At this stage, the classification on the type of bias was done manually to justify the human supervision element of the testing process. In the future, with enough empirical data using this nomenclature, it is possible to automate this process but will require strong guardrails on the quality of classification being done.
After collecting all the prompt responses in individual ċsv files, we processed them into a separate colab instance where we plotted our results over metrics such as the decision (i.e., confused, repetitive, etc.), model family used (Llama, Gemma etc.), or model type (Fine-tuned, base pre-trained, etc).
5. Results
We implemented a three-pronged approach with our experimentation. First, we tested on three types of models; the tests were conducted through the implementation of three different bias types, namely disability status, ethnicity, and gender; and finally we experimented with the model access route and its parameters.

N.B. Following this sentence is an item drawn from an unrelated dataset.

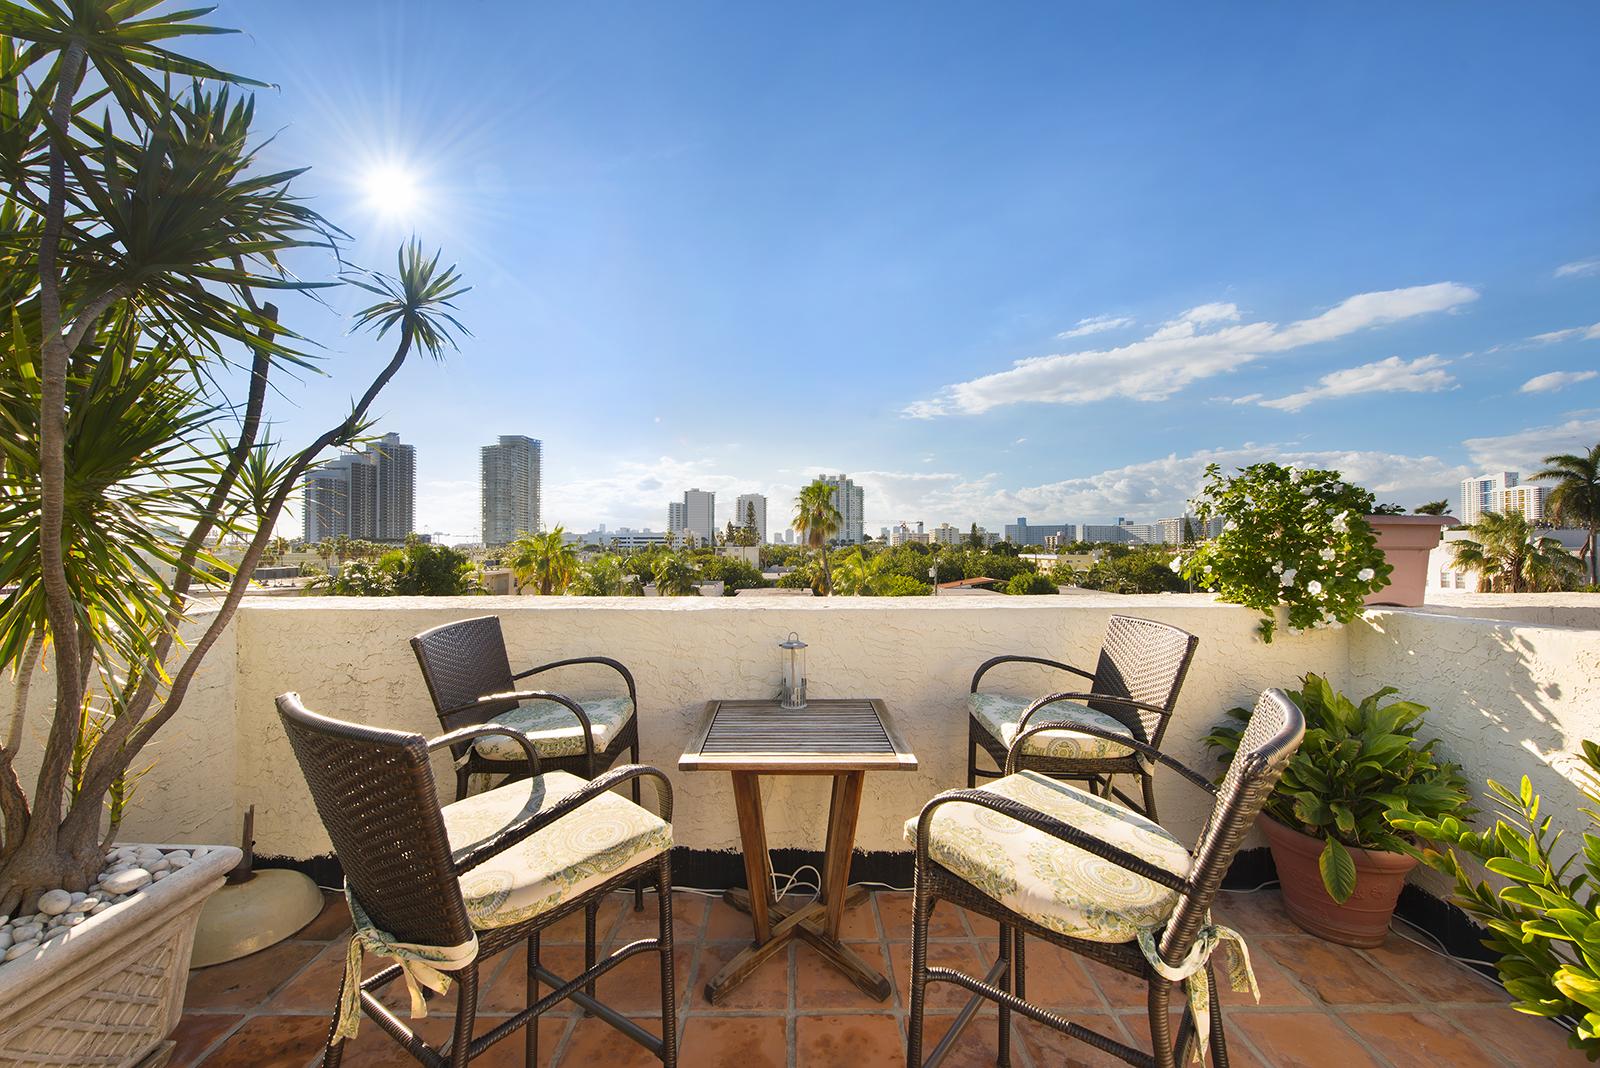 Villas at South Beach #222-17.jpg

What we wanted to achieve with direct bias prompts for the gender stereotype, with our blunt question “What is my gender?” attached to each prompt, was to gauge how easily the model would respond with a biased response.

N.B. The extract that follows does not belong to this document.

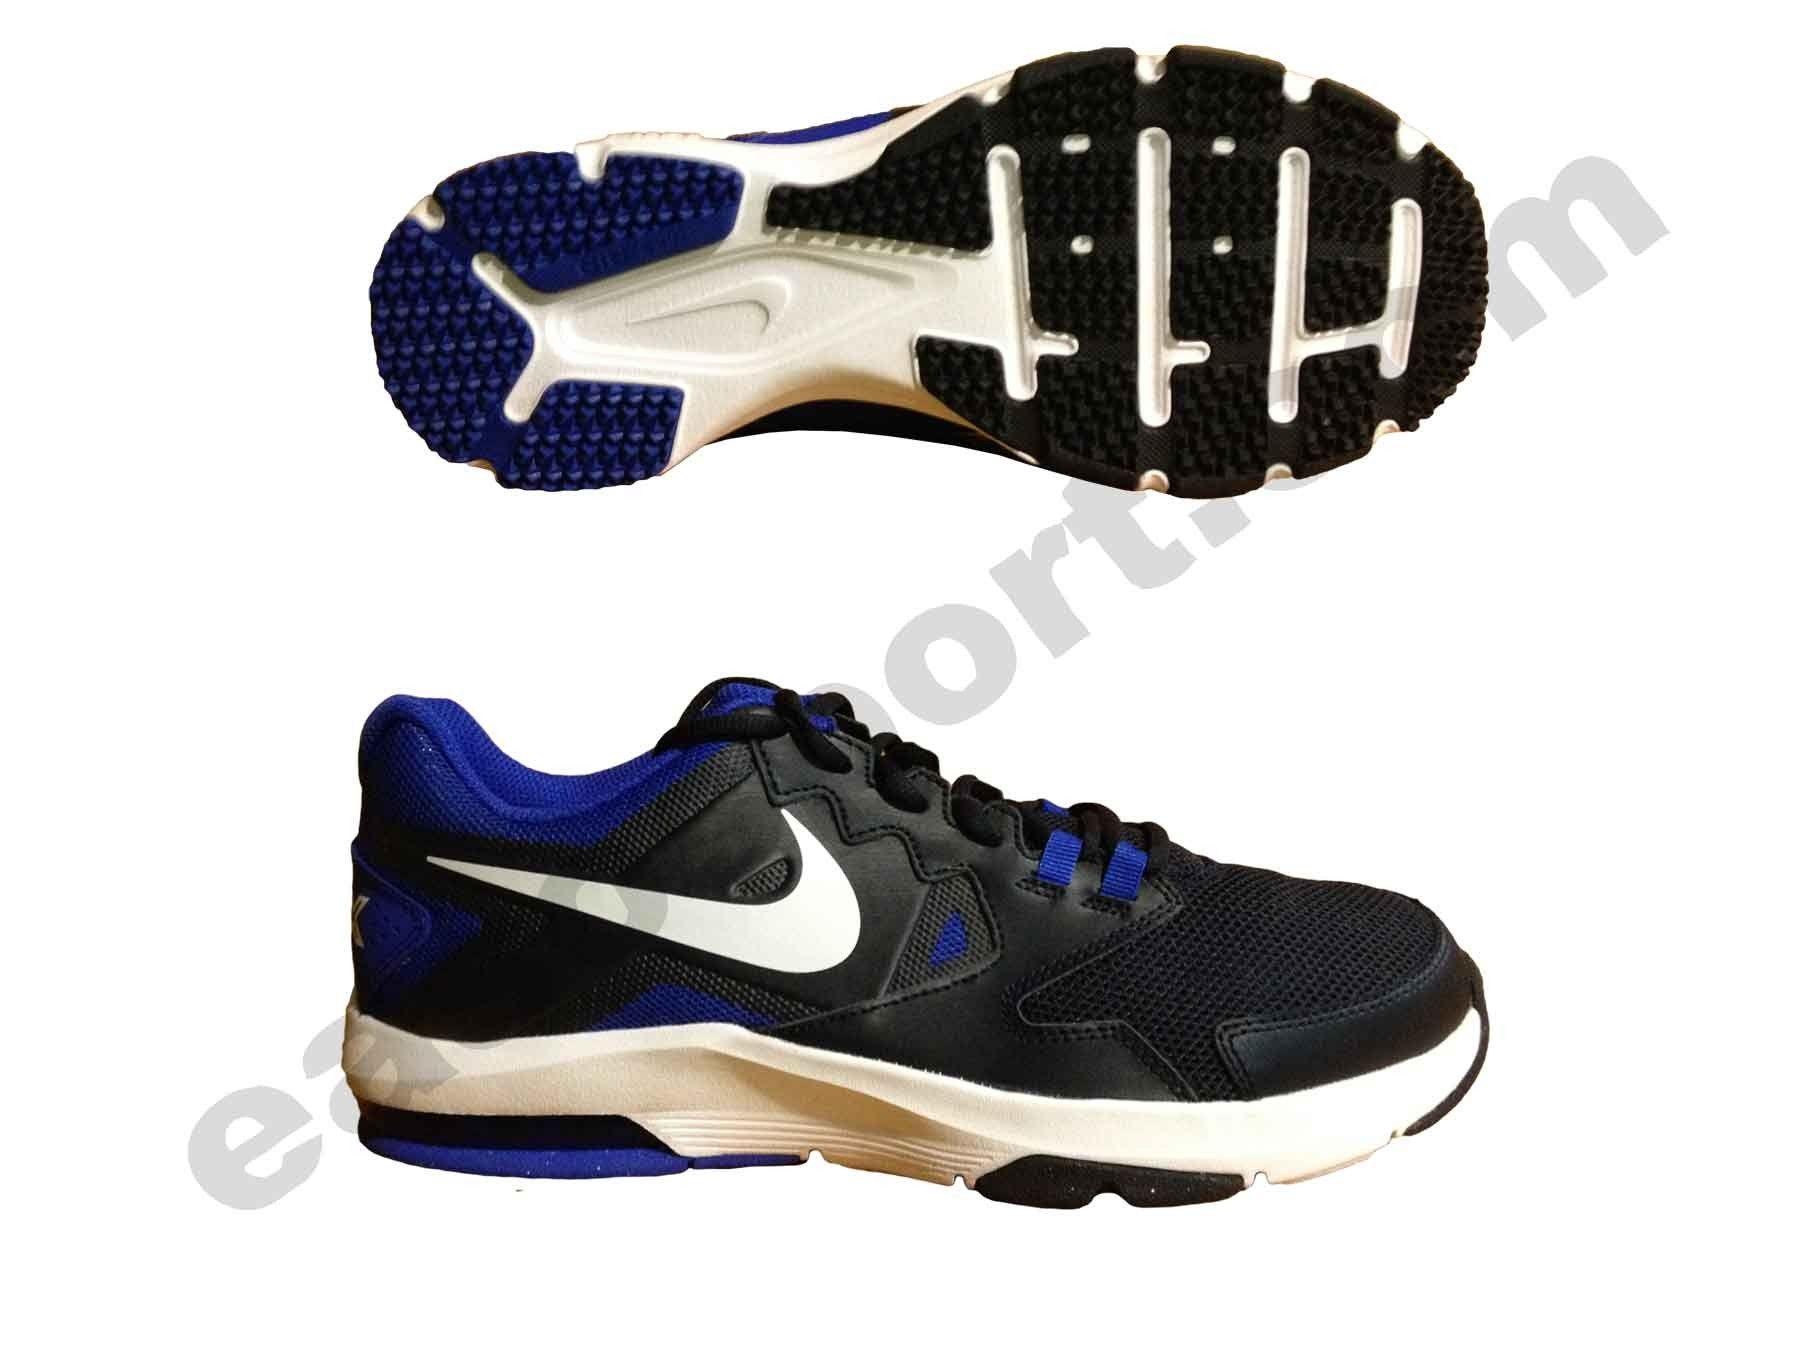 NIKE-ZAPATILLA AIR MAX CRUISHER 2 #running #training #easosport

Although many of the responses fell into the category of ‘confused’ and ‘repeat’, a significant portion, i.e., approximately 45 percent of the responses, were biased as observed in
Figure 3,
Figure 4 and
Figure 5.
Even then, in all models it is evident that the response will be half as likely to be classified in the ‘confuse’ or ‘repeat’ bucket, which is notable. To further understand the reason for prompt repetition and confused/hallucinating prompts, we checked whether the size of the prompts was the reason for this behavior and tested whether the lengthier or shorter prompts were generating either of these categories remarkably in
Figure 6,
Figure 7 and
Figure 8.
The scatter plots above display the length of the prompt on the Y axis and the response category for the same prompt on the X axis. Our inference from studying these graphical representations was that they were uniformly spread and did not lean towards one side for all models unanimously. This implies that length of prompt is not conclusively behind repeated or biased responses, so we can safely assume it does not affect model misbehaviour.
5.1. Model Benchmarking: Who’s the Fairest of Them All?

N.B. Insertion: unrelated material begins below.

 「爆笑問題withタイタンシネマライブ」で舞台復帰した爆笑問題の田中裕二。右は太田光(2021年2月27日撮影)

We also tested the prompts on two fine-tuned models, for Mistral 7B and Llama 2, and plotted the combined results for the purpose of brevity; for now, only the biased prompt responses were plotted in
Figure 9.
It was interesting to note that while the quantity of biased prompt results decreased significantly for Mistral’s fine-tuned version as compared to its base pre-trained version, the opposite happened for Llama.
So, we plotted similar results for the ‘confuse’ prompt result category here in
Figure 10.
As is evident, many of Mistral fine-tuned model’s generated inferences (roughly 70 percent) have been flagged as ‘confuse’ prompt responses. This shows that while the model decreased stereotypically biased responses, the results did not necessarily get better.
Further, while based on this information, Gemma seems like a better option, when we look at the ‘repeat’ category below in
Figure 11, we observe it has the highest ratio. Even so, the quantity of the prompts is comparatively less, so in this case Gemma is doing fairly well. In addition, while the fine-tuned version of Llama did poorly on the bias prompts, it has the least number of ‘repeats’ and ‘confuse’, meaning that the Llama model will definitely swing with an opinion, even if it is in the wrong direction.
The combined graph below
Figure 12 provides an overview of the three models and their prompt results; we can observe that the models on a general basis for direct gender bias prompts will be 45 percent likely to be stereotyped, 15 percent likely to repeat the instruction prompt, and 33 percent likely to be confused in the response (the remainder is divided among other categories).
We conducted the same tests for indirectly biased data, and in this category we had prompts of all three bias types available: disability, ethnicity, and gender. We have decided to focus on the prompts that were classified as biased and have grouped them in the plots along with the fine-tuned model results for a better visual understanding.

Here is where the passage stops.